The above mentioned code gives the output that follows it. I understand that after pre-processing phase of compilation, printf statement will become. printf("%s Geeks Quiz ", "%s Geeks Quiz "). But I"m still having a hard time to know how it was further reduced to the obtained output.

Is the first statement imposed in the second or is it the other way around

I would like some help from anyone who has the idea. Thank you

I'm still an amateur, so it would be easy for me to understand a simple or detailed answer, but I would appreciate any replies.

CodePudding user response：

The preprocessor substitutes textually the following:

#define scanf "%s Hello"
int main() {
  ...
  printf(scanf, scanf);

in a way the compiler reads:

int main() {
  ...
  printf("%s Hello", "%s Hello");

At this point the program is run, and printf() receives the two strings "%s Hello".

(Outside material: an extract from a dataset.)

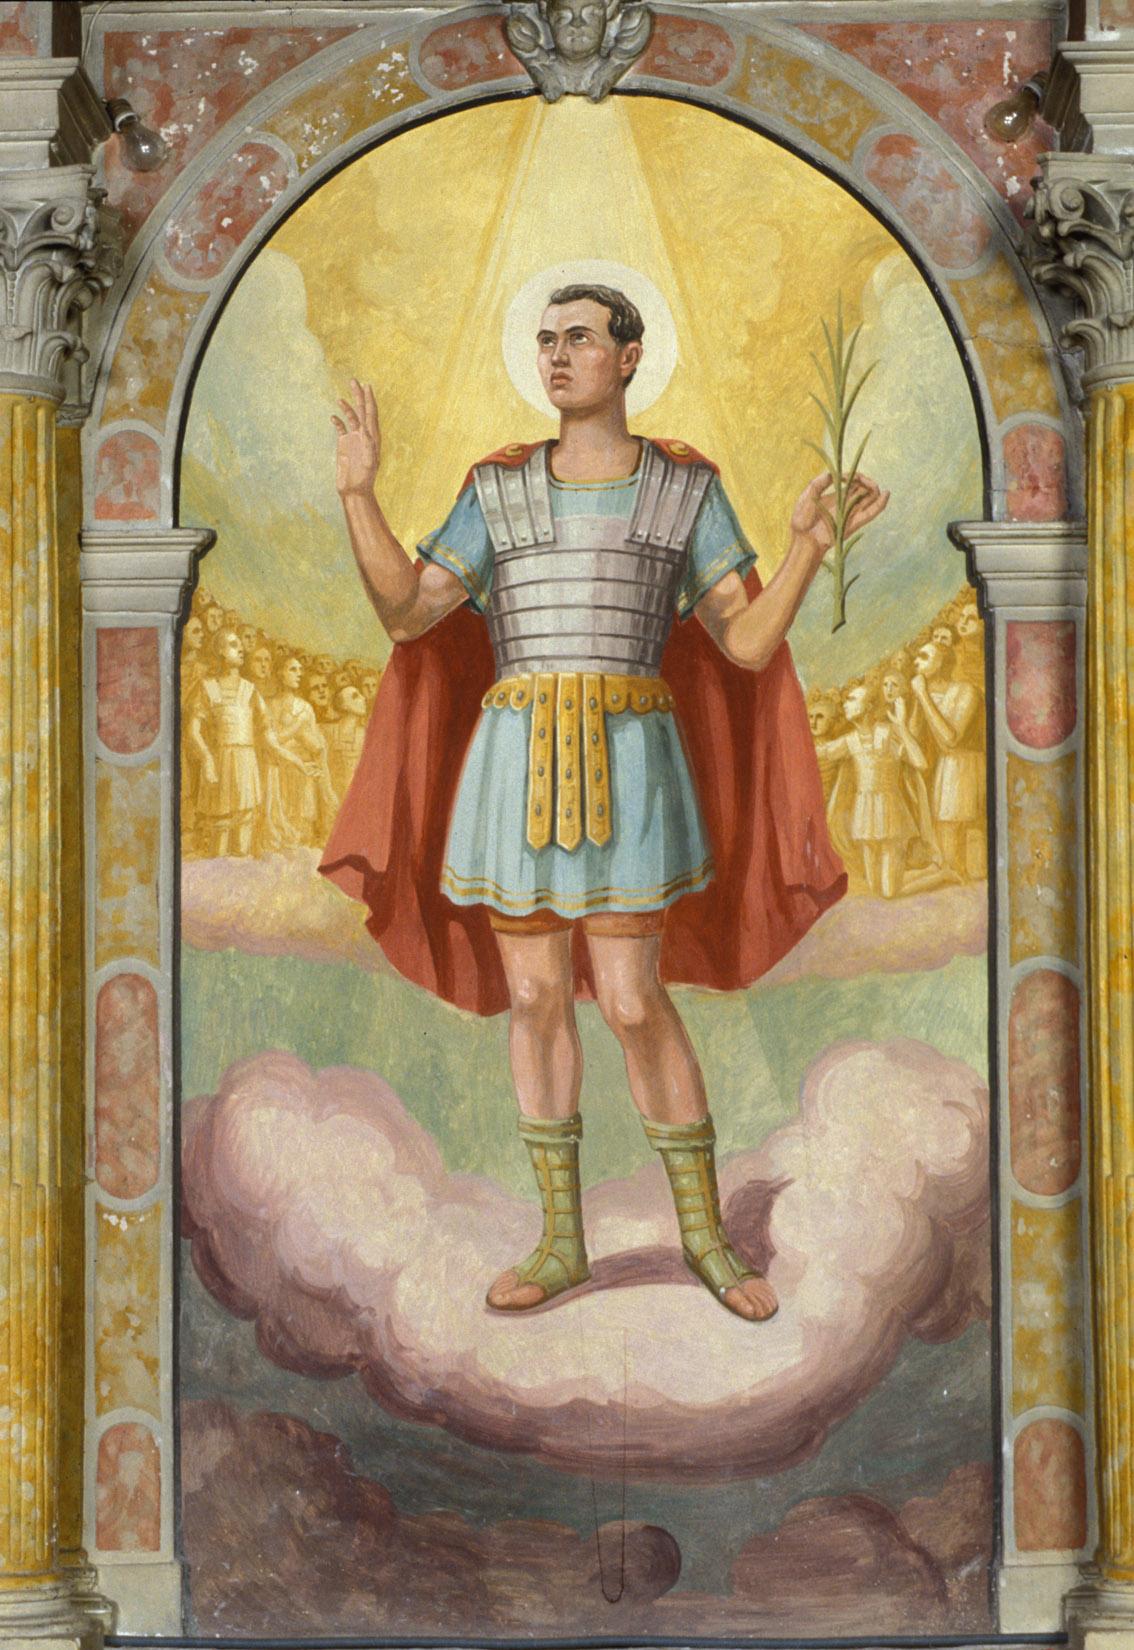 San Giustino dans immagini sacre 8_B0184a

The first argument contains a "%s", which says put the next string argument here, so the final string becomes

"%s Hello Hello"

After the first substitution of %s, made by printf() at runtime, no more %s specifiers are present, so the final result is what you see (and it is correct).

I mean: the first argument to printf() is parsed just once; if there is a single %s there, a single substitution is made. Whatever results from the single substitution is not parsed again, so the %s present in the second argument appears, unchanged.